[Data Boundary: Start]
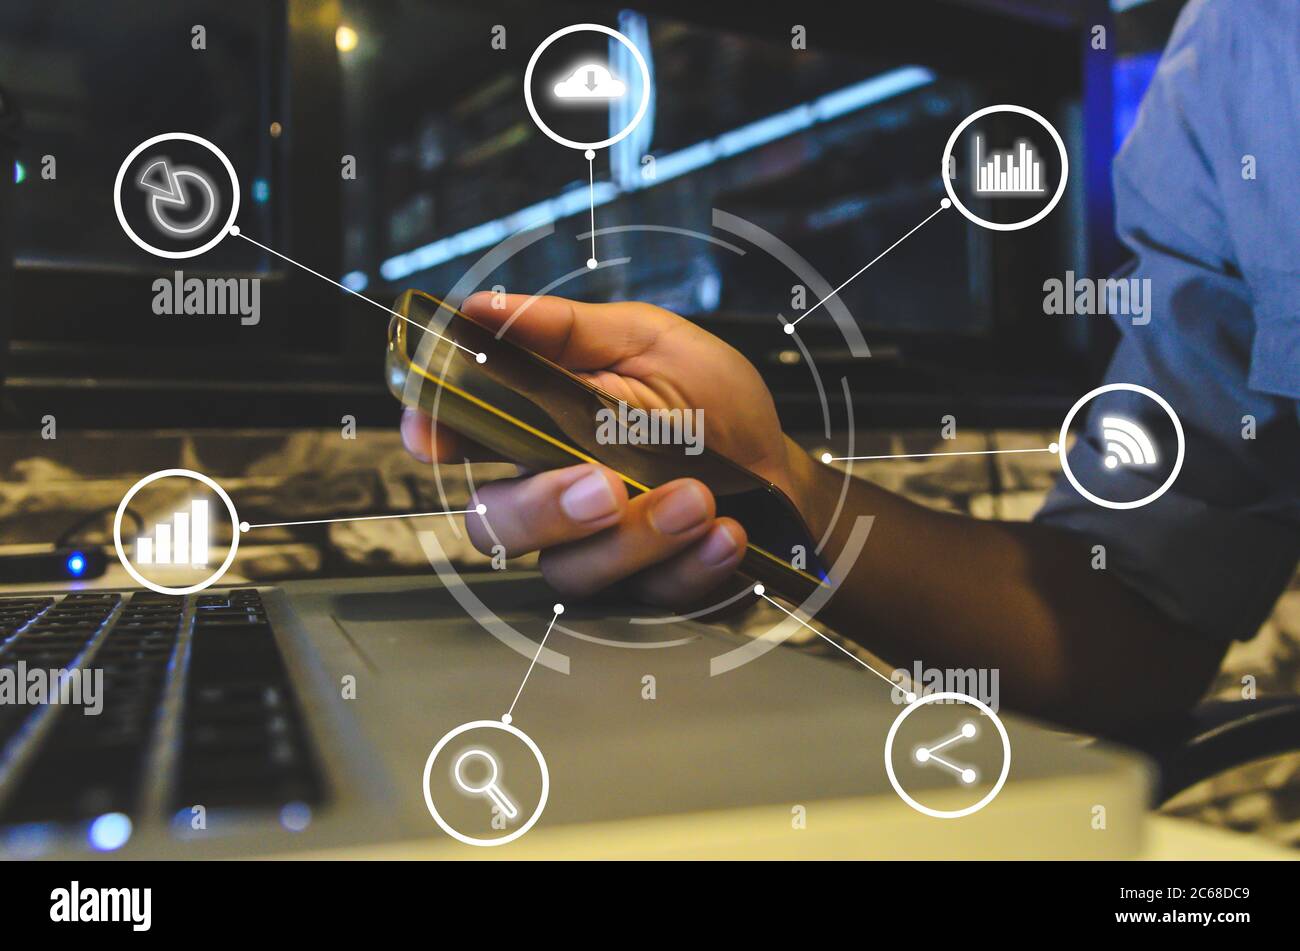 Business Hand mit Smartphone mit Icons Konzept. Hand verwenden Smartphone Online-Shopping Social Network Konzept.Digital Marketing Media Network Communi Stockfoto
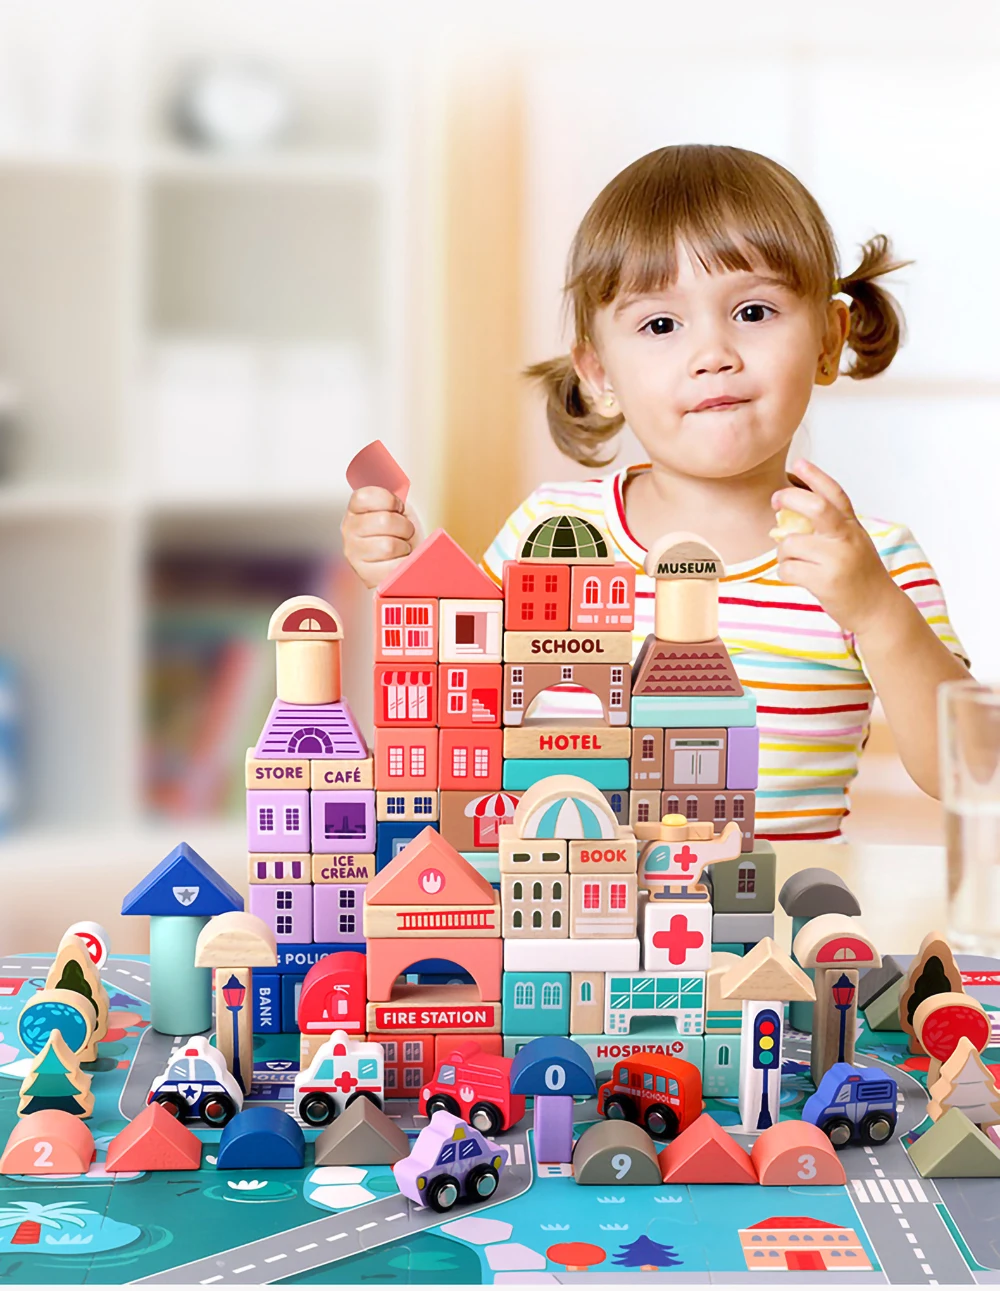 Высокое качество, 115 шт., деревянные строительные блоки Macaron City, большие частицы, детские развивающие игрушки, детская игрушка для боя, блок, подарки
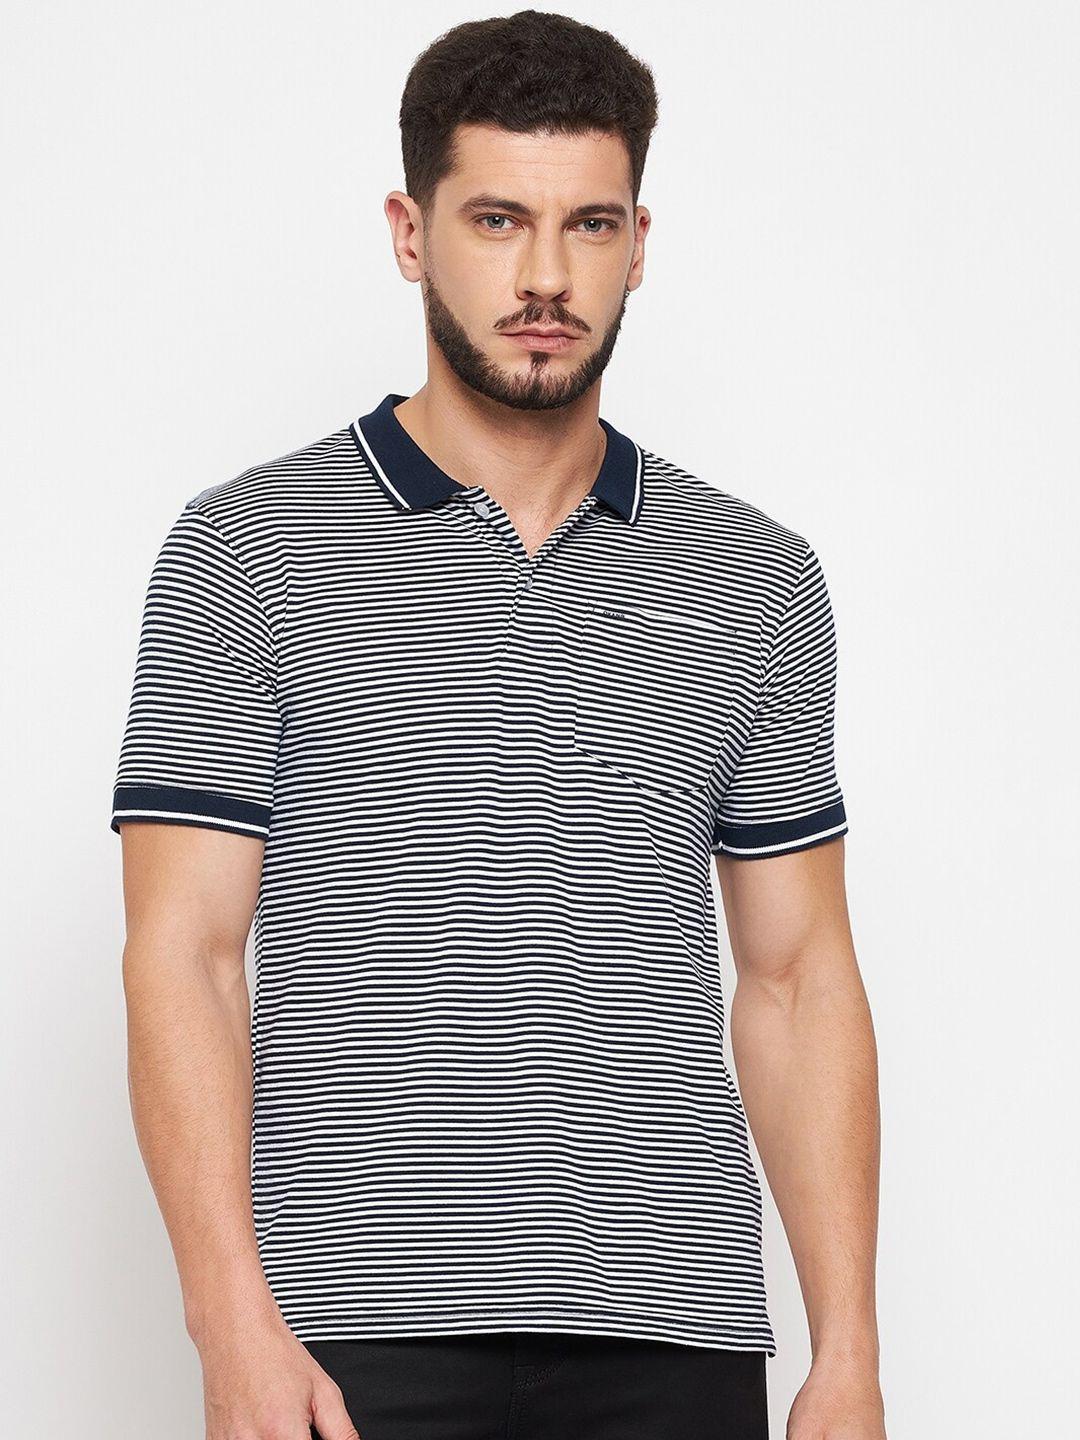 okane-men-navy-blue-striped-polo-collar-t-shirt
[Data Boundary: End]
→ Problem details:
Output all lines above precisely. Pictures are to be left out.

→ Final answer:
 Business Hand mit Smartphone mit Icons Konzept. Hand verwenden Smartphone Online-Shopping Social Network Konzept.Digital Marketing Media Network Communi Stockfoto
 Высокое качество, 115 шт., деревянные строительные блоки Macaron City, большие частицы, детские развивающие игрушки, детская игрушка для боя, блок, подарки
 okane-men-navy-blue-striped-polo-collar-t-shirt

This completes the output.